One 、 Development background
1963 year , Put forward the original SVM;
1992 year , introduce Kernel function It's solved Nonlinear classification problem ;
1995 year , Put forward Maximize soft spacing It's solved Noise problem ( Misclassification problem );
2001 year , Put forward SVC Way to complete Unsupervised learning ;
2005 year , Put forward and compare a variety of multi classification SVM Method .
Two 、 thought
While ensuring the correct classification , Let the point closest to the hyperplane ( These points are called support vectors ) To the hyperplane The biggest gap . In fact, it means , Maximize the spacing between the hyperplane and the support vector , This can best ensure the accuracy of classification .

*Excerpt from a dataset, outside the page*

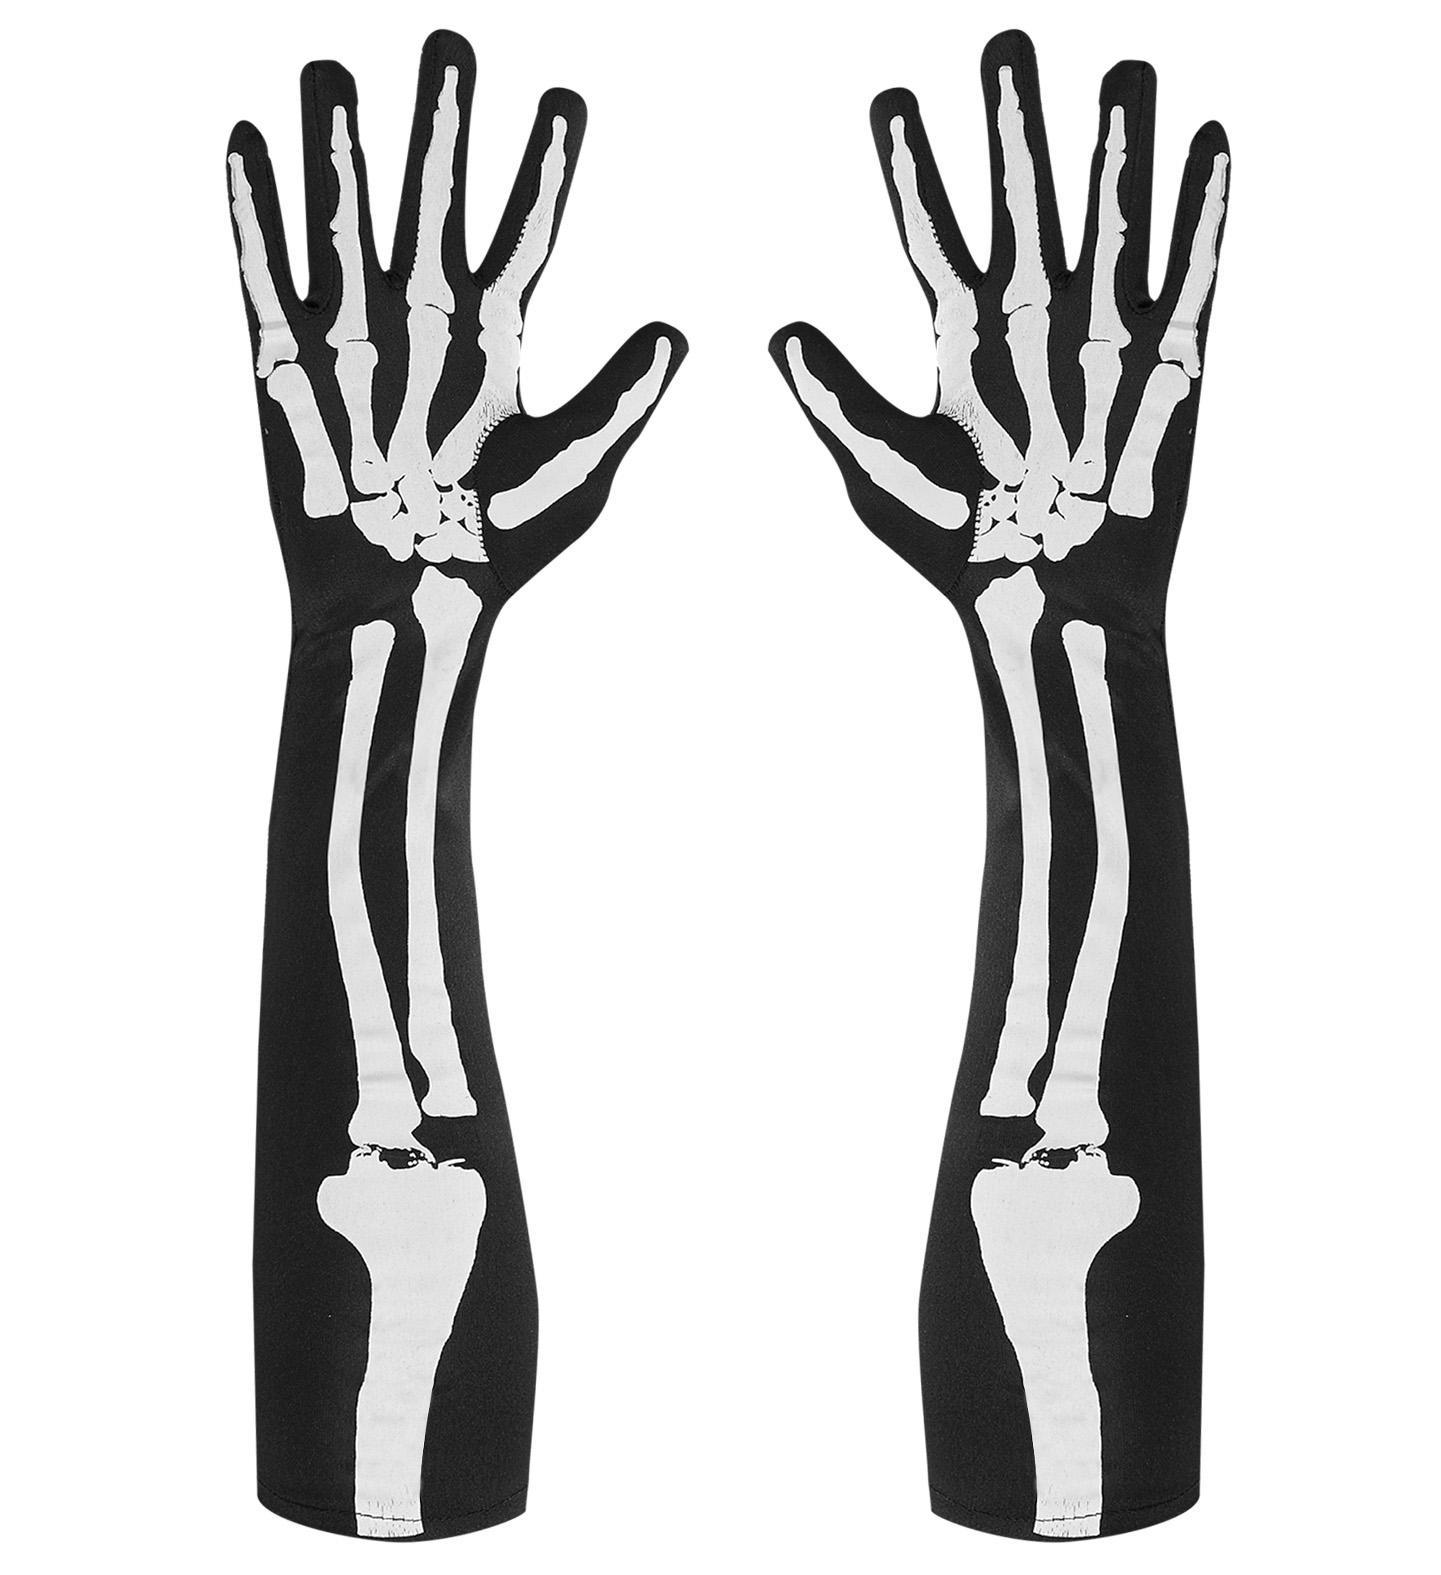 Fantastisch Knochen In Arm Ideen - Anatomie Ideen - finotti.info
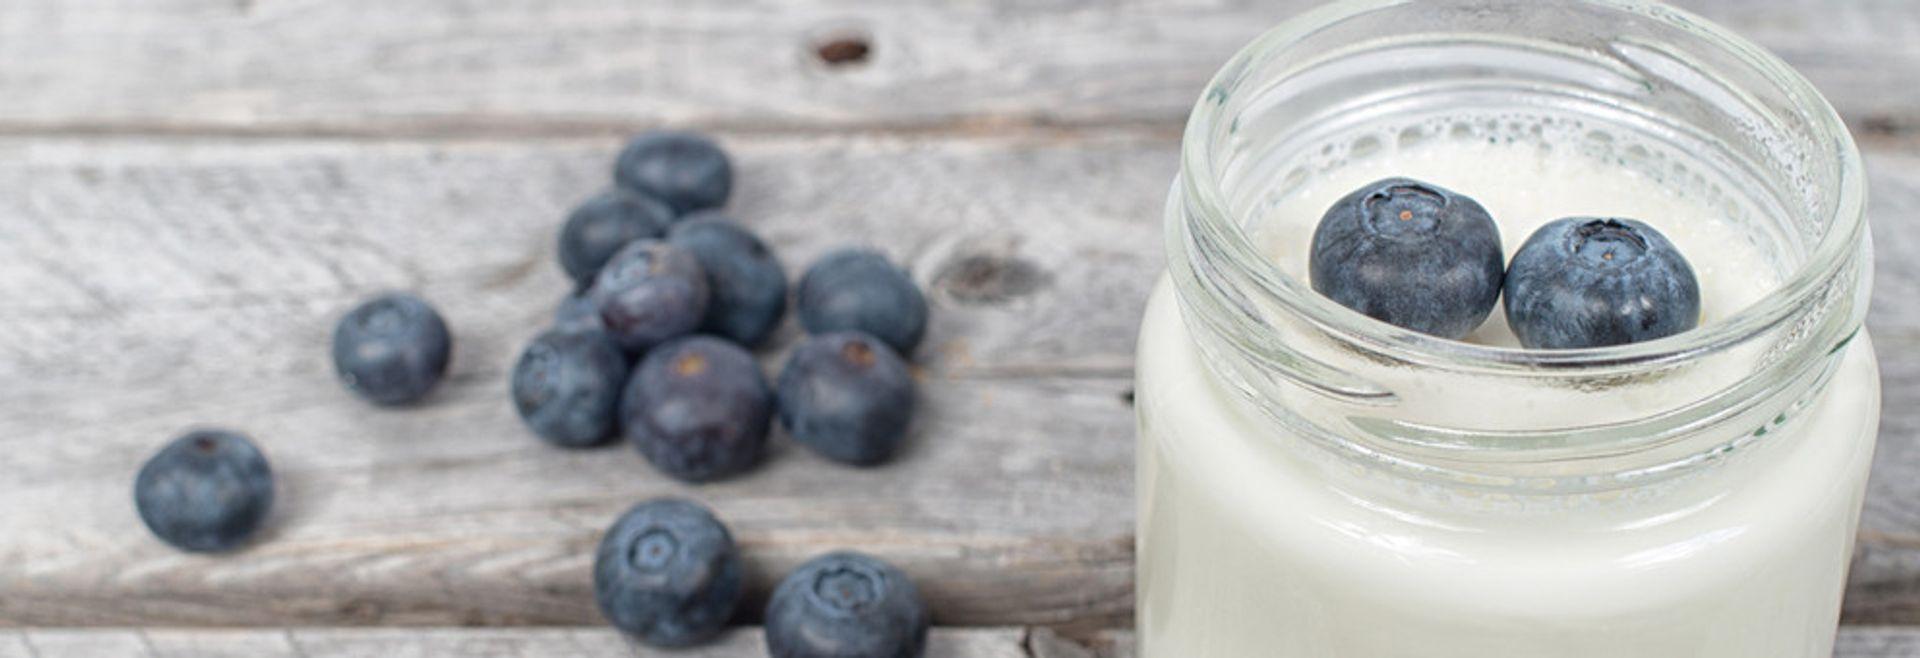 Blueberries and Probiotics

3、 ... and 、 Comparison with perceptron model
We all know that the perceptron is a kind of aging machine ( I didn't mean to say it was bad ) The binary linear classification model , It's the basis of neural networks and support vector machines . Its idea is Try to find a hyperplane that can separate data sets . A place to pay attention to , Its loss function is only for misclassification points !!! Its optimization goal is to make The distance from the misclassification point to the hyperplane is the smallest , The optimization goal of support vector is to make Maximum distance between support vector and hyperplane .( This “ Maximum ”、“ Minimum ” To understand the concept of , In fact, it is not difficult to understand )
Four 、SVM The goal of optimization
Undergraduate studies svm When , I have seen many pairs of svm Different interpretations of the optimization objectives of , Very ignorant , But because the end of the period does not involve , So I ended the course in a muddle , I didn't delve into it after class , Therefore, I continue to be ignorant until I graduate from college . The main reason for ignorance is , Its objective function will involve “
”, And then again “
” Form like this . I haven't been ignorant recently , In fact, they are in the process of explanation “ In silence ” The empirical risk and structural risk are introduced .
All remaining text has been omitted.